News Release

Malaria vaccine candidate safe and immunogenic following first-in-human trials

Peer-Reviewed Publication

The U.S. Military HIV Research Program (MHRP)

Malaria clinical trial

image: Capt. Aaron Sanborn, clinical research coordinator with the Walter Reed Army Institute of Research Clinical Trials Center, prepares FMP013 malaria vaccines, April 27, 2021. view more 

Credit: U.S. Army photo by Mike Walters/Released

SILVER SPRING, Md. – Researchers from the Walter Reed Army Institute of Research (WRAIR) report the malaria vaccine FMP013 antigen and ALFQ adjuvant combination appears safe and immunogenic for adults in the first-in-human evaluation results published in the Vaccine journal.

Although malaria control efforts yielded steady progress over the past decade, instability introduced by the COVID-19 pandemic has resulted in a resurgence of malaria incidence and mortality. The World Health Organization estimated that, there were 241 million cases of malaria resulting in 627,000 deaths in 2020 alone.

Vaccines continue to be pursued as an important component of the portfolio to overcome these staggering numbers. While impactful, first-generation efforts, such as RTS,S/AS01 (Mosquirix, GSK), provide only moderate (30-50%) protection which wanes within months.
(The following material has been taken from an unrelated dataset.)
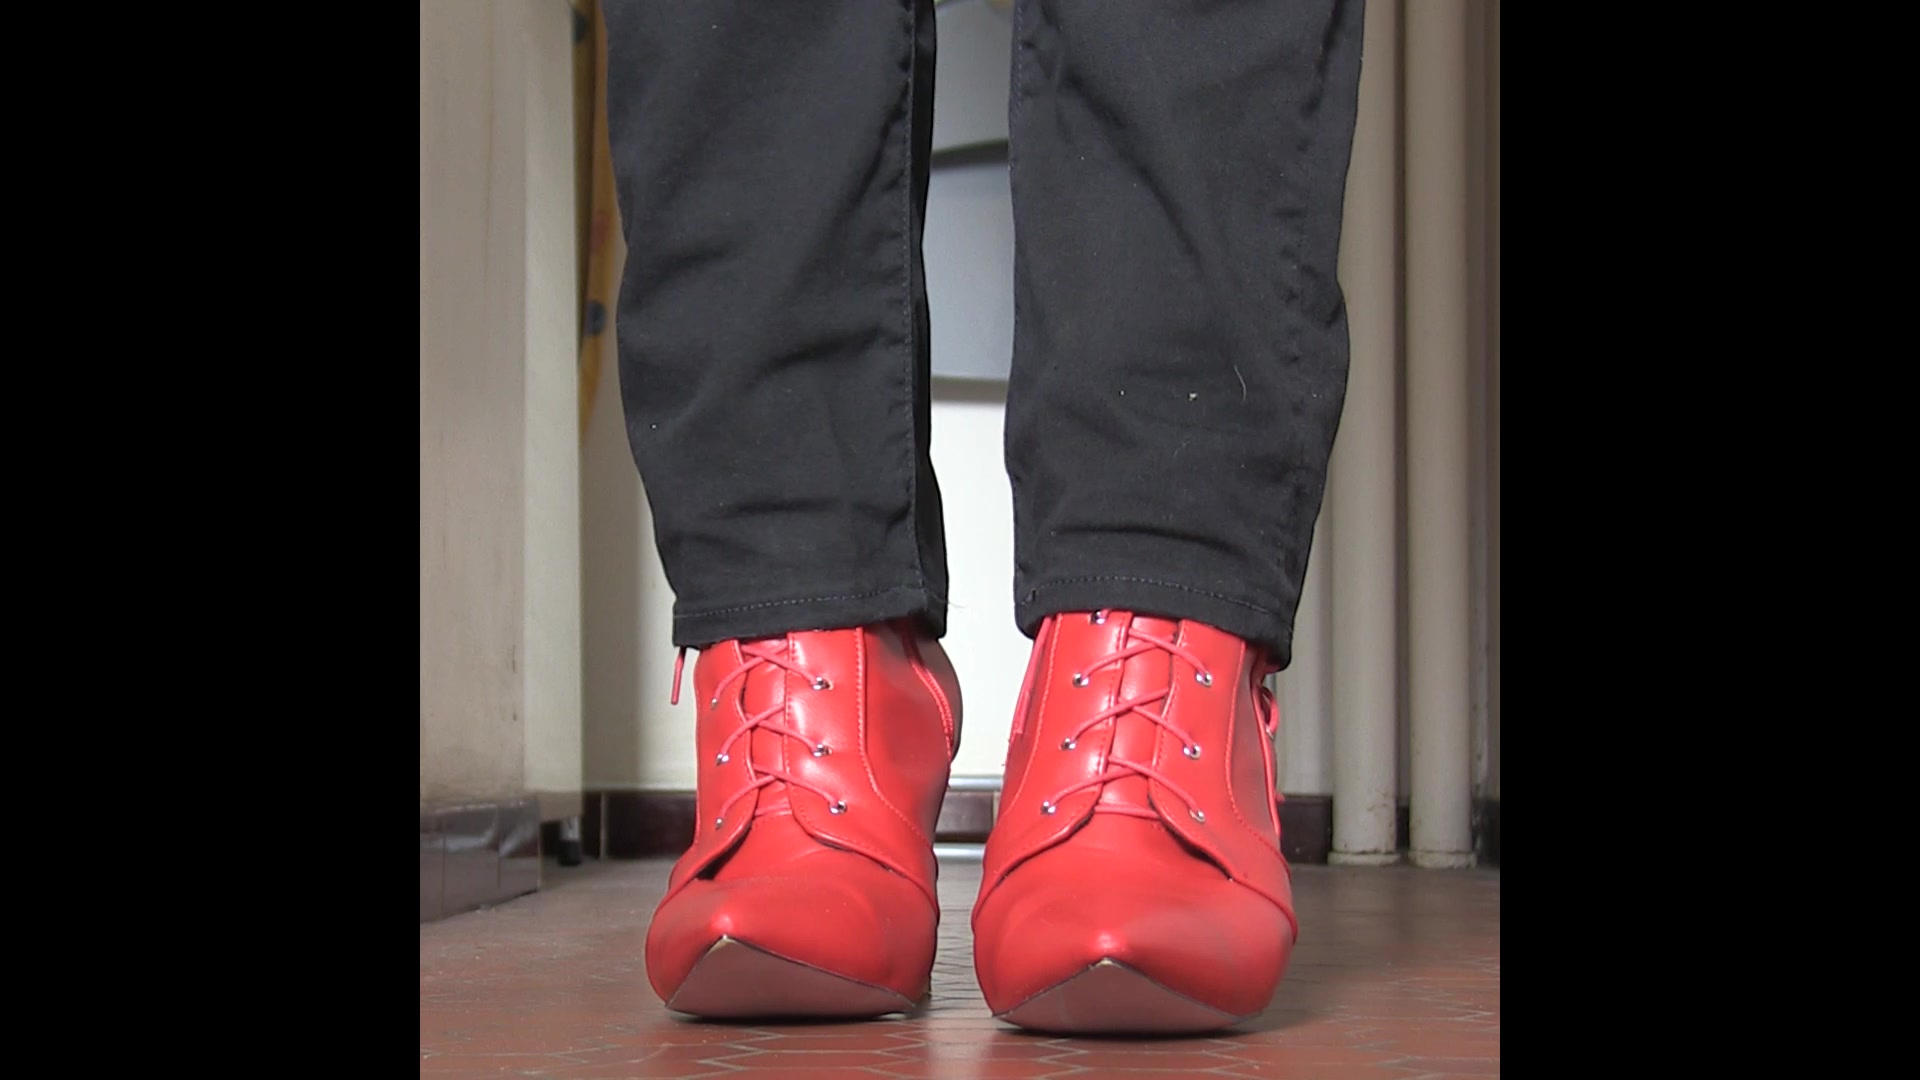 2018-06-10 Red Boots
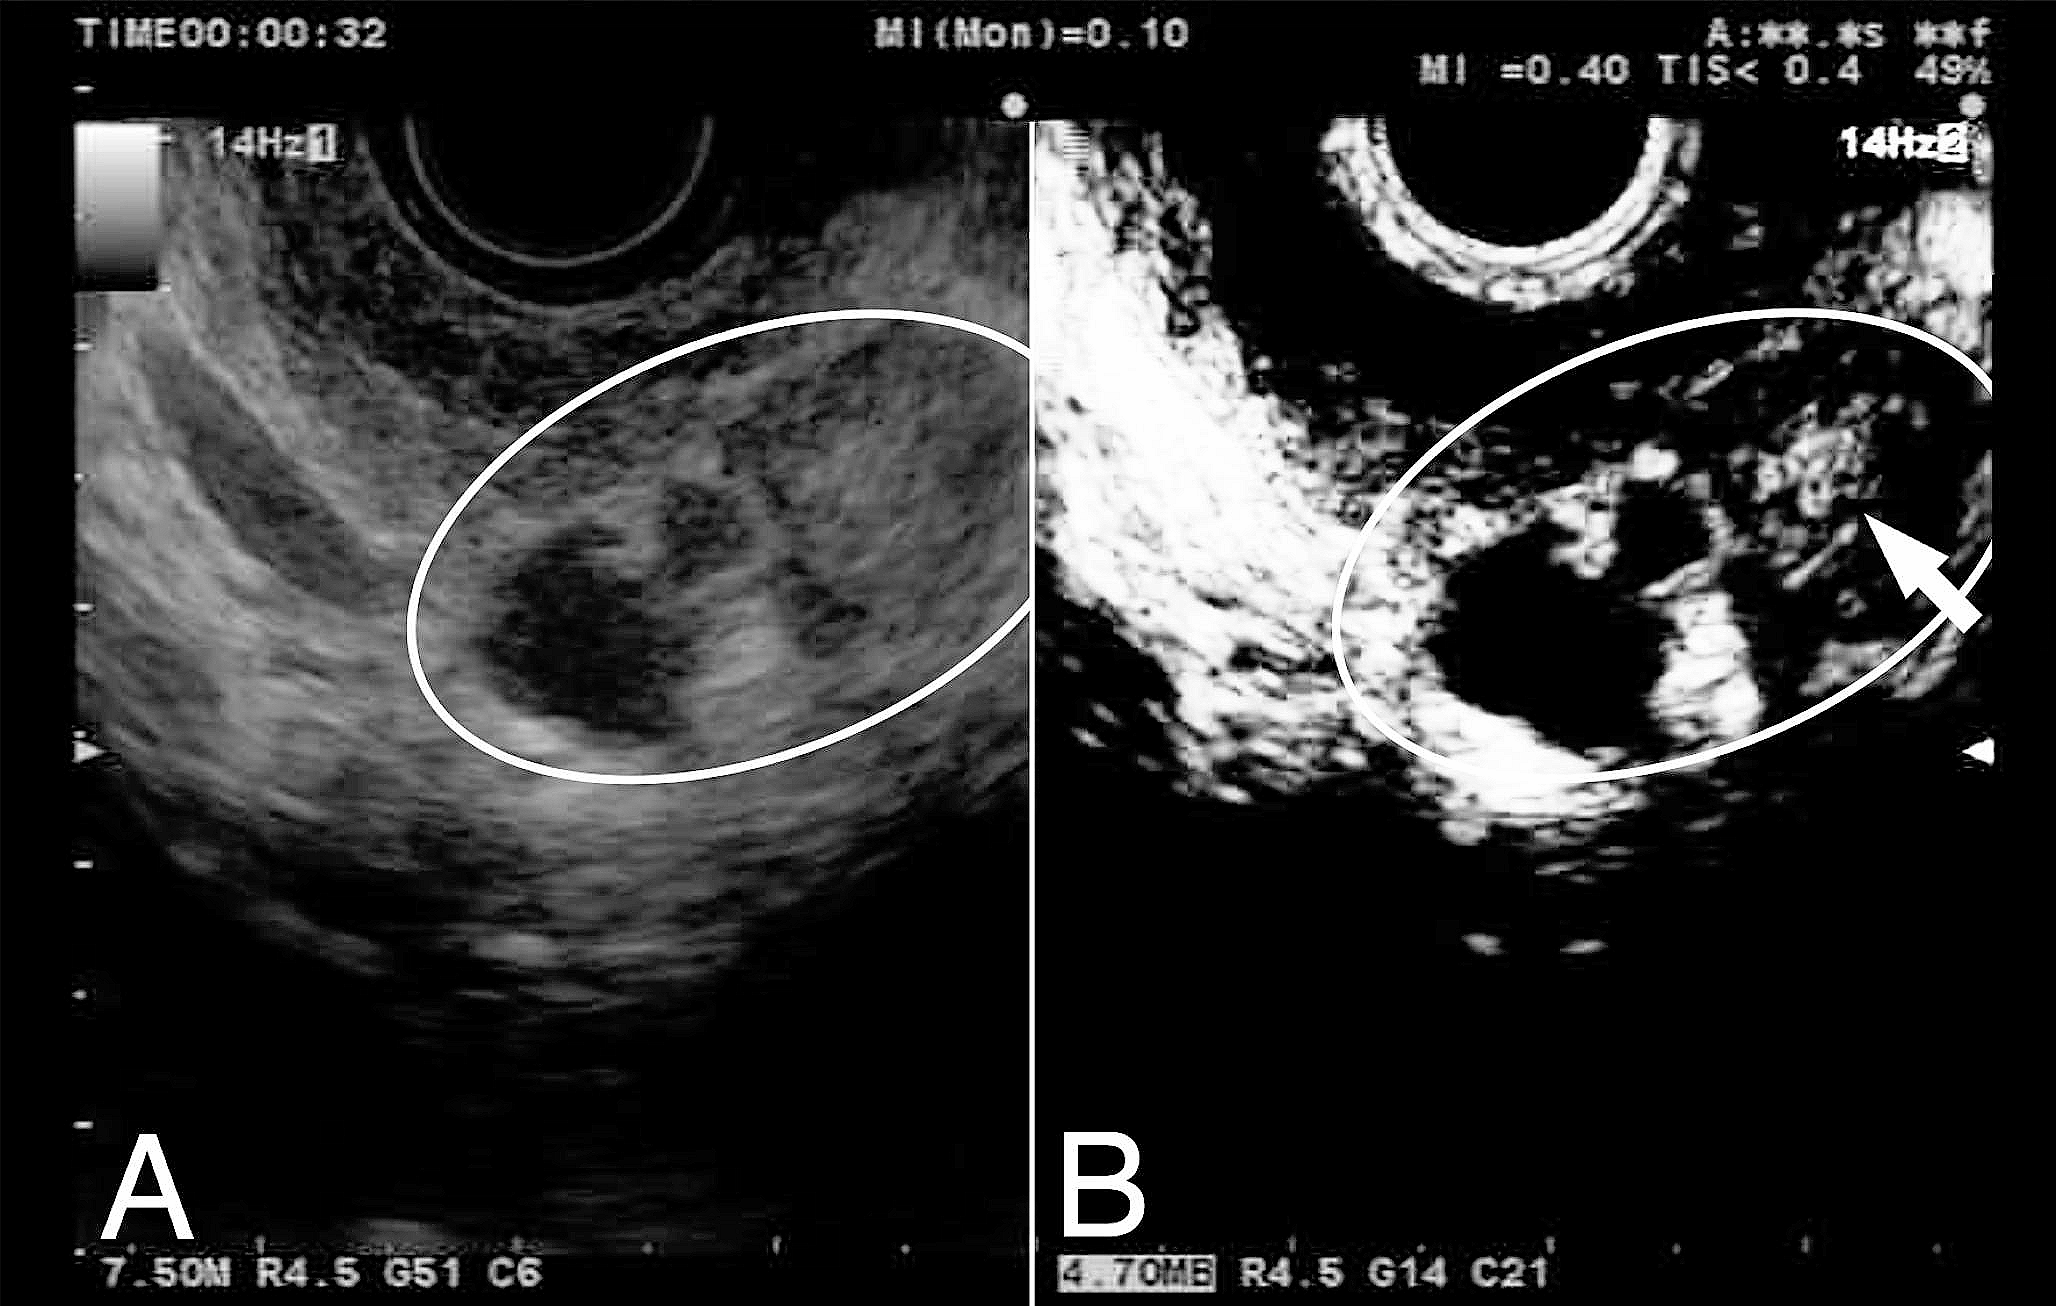 The role of endoscopic ultrasound in the detection of pancreatic lesions in high-risk individuals

“The search for improved vaccine strategies remains a priority,” said Col. Jason Regules, Biologics Research and Development Branch Director.

For more than three decades U.S. Army researchers have developed malaria vaccine candidates, testing their safety and ability to elicit protective immune responses against infection. The current FMP013 candidate primes vaccinated humans to produce antibodies against the circumsporozoite protein (CSP) of the malaria parasite Plasmodium falciparum.

“The vaccine design broadens the host immune response to epitopes that were not included in the RTS,S vaccine and targeting these additional susceptible epitopes on CSP could be key to an improved vaccine,” said Dr. Sheetij Dutta, Chief of the Structural Vaccinology Laboratory and inventor of the FMP013 antigen.

The vaccine also contains the adjuvant Army Liposome Formulation with QS-21, or ALFQ, which was developed at WRAIR by the Military HIV Research Program. “ALFQ displays promising immune-enhancing effects and is now being tested with vaccines against a number of infectious diseases,” said Dr. Gary Matyas, Chief of the Adjuvants and Formulation Section.

Preclinical studies demonstrated ALFQ to be safe and strongly potent as a vaccine adjuvant, supporting its use in this initial human trial.

“Both high and low dose of FMP013 antigen and the ALFQ adjuvant were found to be safe and well tolerated by adults,” said Maj. Jack Hutter, the clinical trial principal investigator. “Both groups exhibited robust humoral and cellular immunological responses and compared favorably with historical responses reported for RTS,S/AS01.”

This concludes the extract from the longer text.